━━━ Information provided ━━━
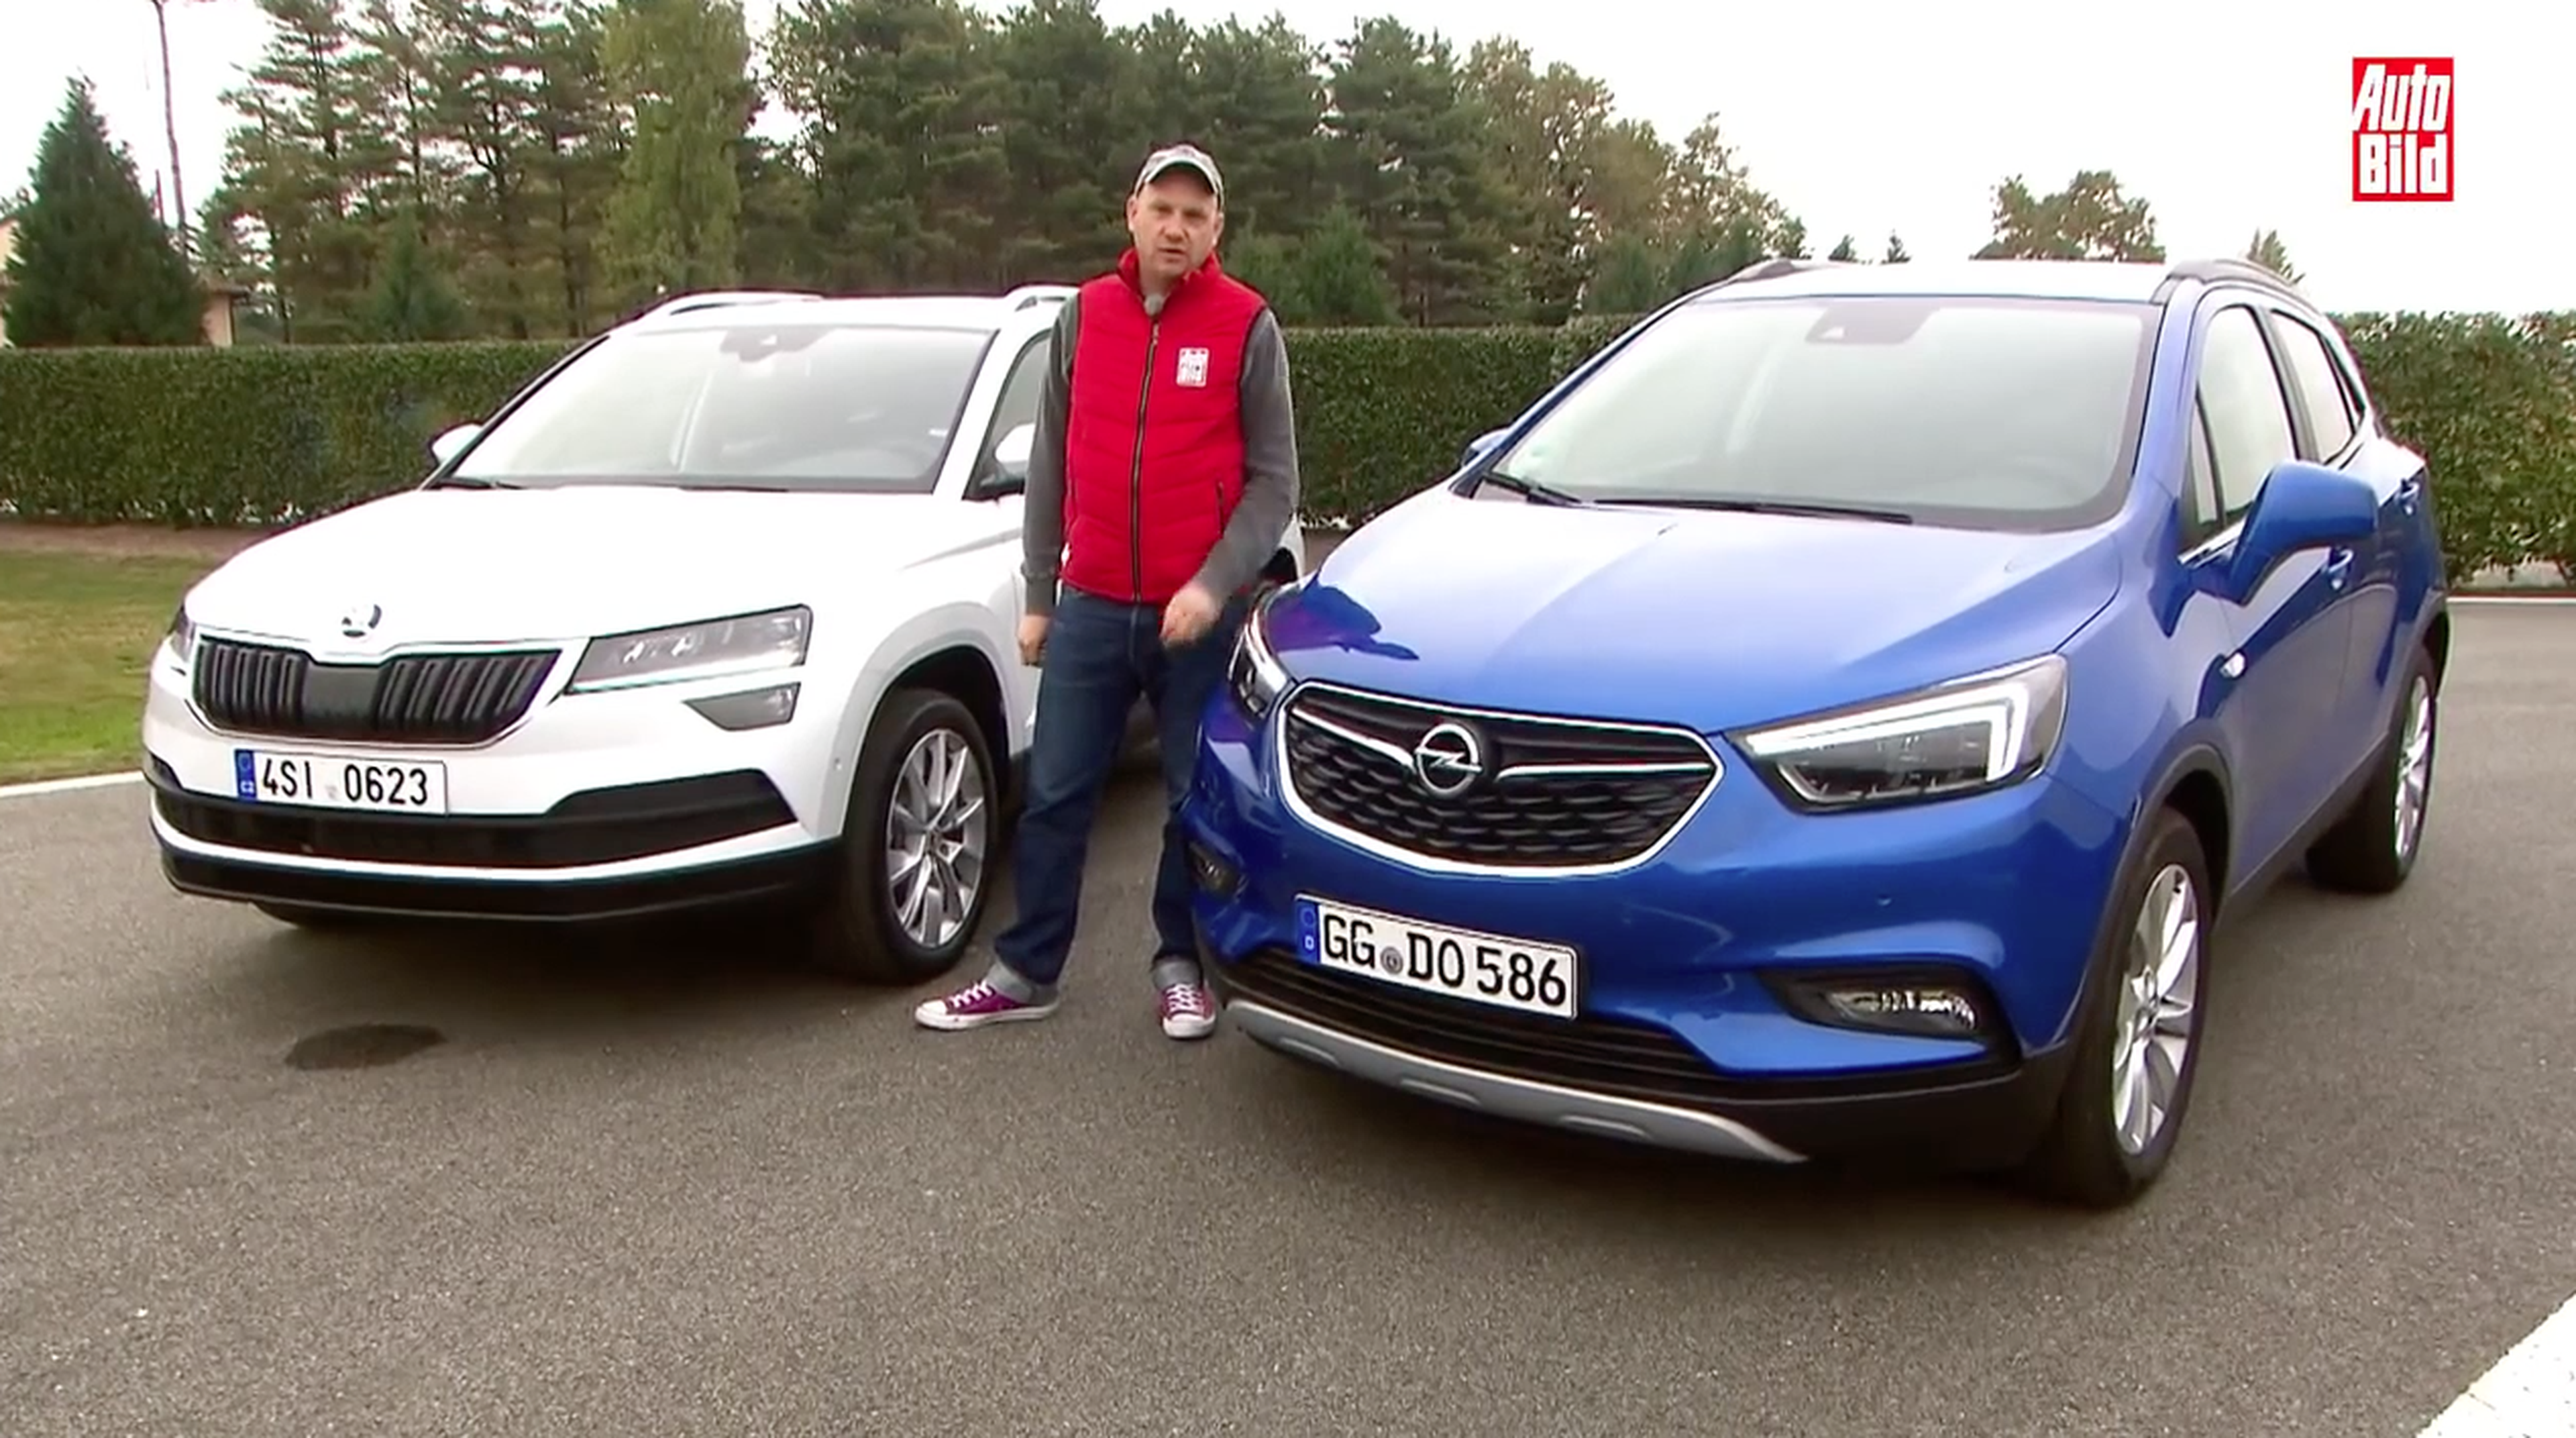 Comparativa en vídeo: Skoda Karoq contra Opel Mokka X
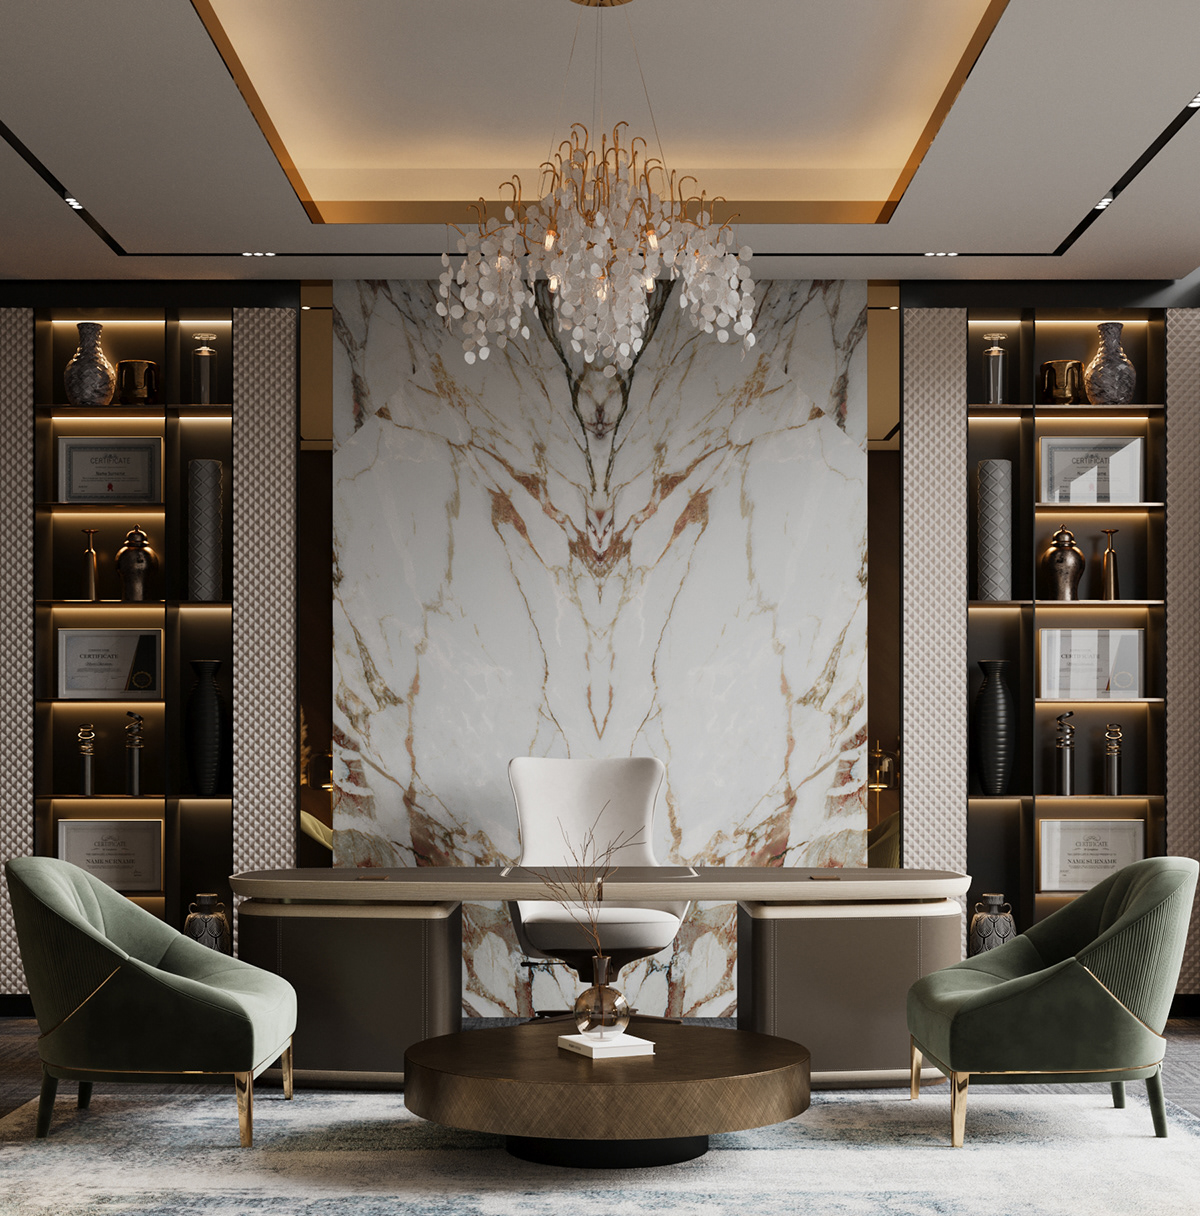 Phong cách thiết kế Luxury sang trọng, quyền lực với biến tấu nổi bật về đồ nội thất trong phòng làm việc
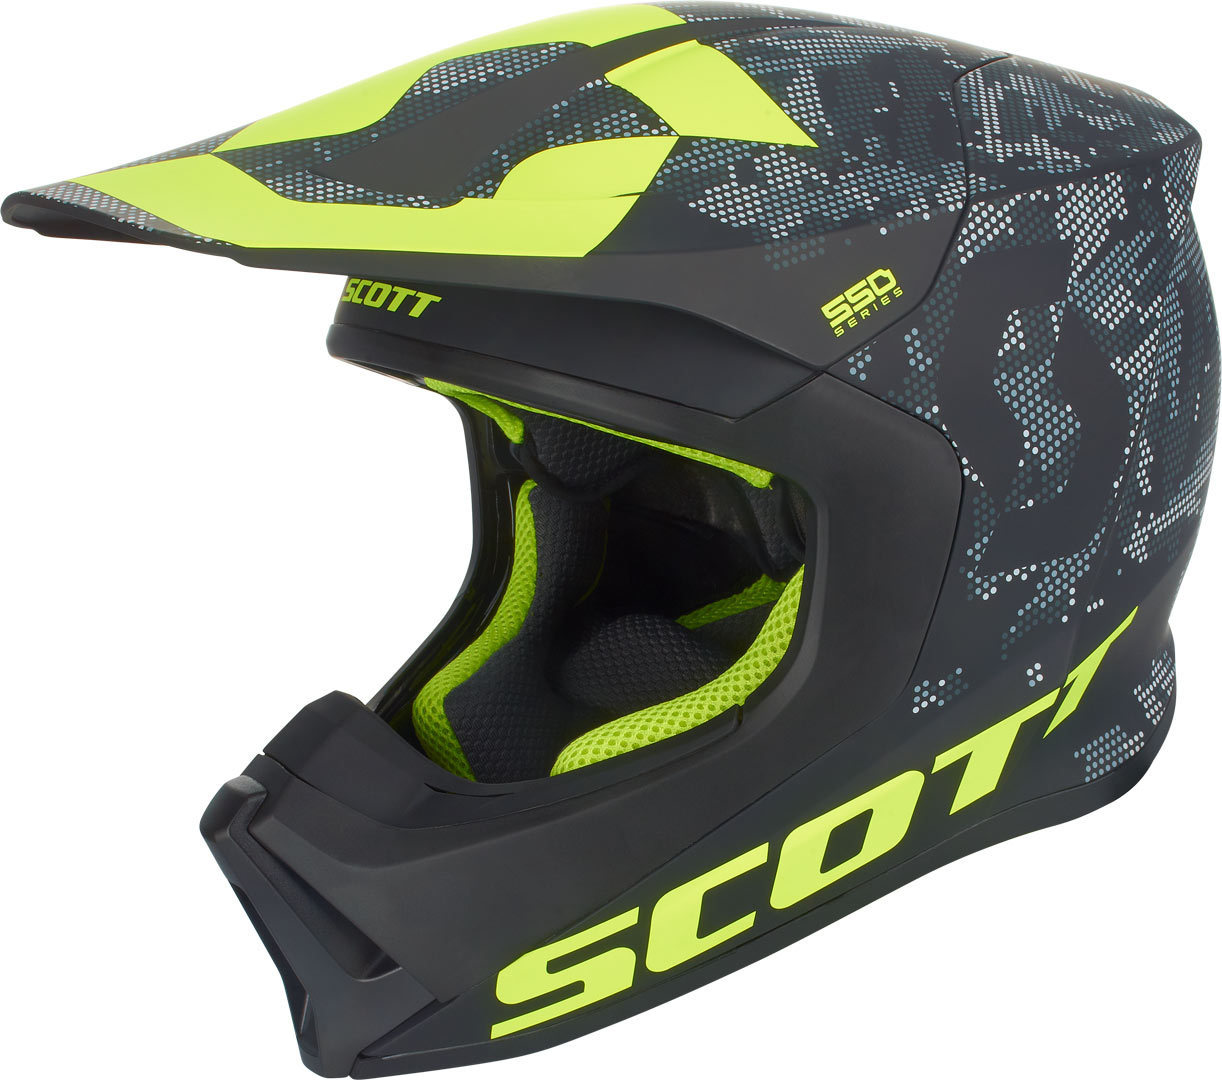 Scott 350 Kids Dirt visor casco visera azul/verde 2015
━━━
## Activity
Take the line with "Phong cách thiết" and each line after it through the end of the material above, and reproduce them exactly, without the pictures.

## Output of the exercise
 Phong cách thiết kế Luxury sang trọng, quyền lực với biến tấu nổi bật về đồ nội thất trong phòng làm việc
 Scott 350 Kids Dirt visor casco visera azul/verde 2015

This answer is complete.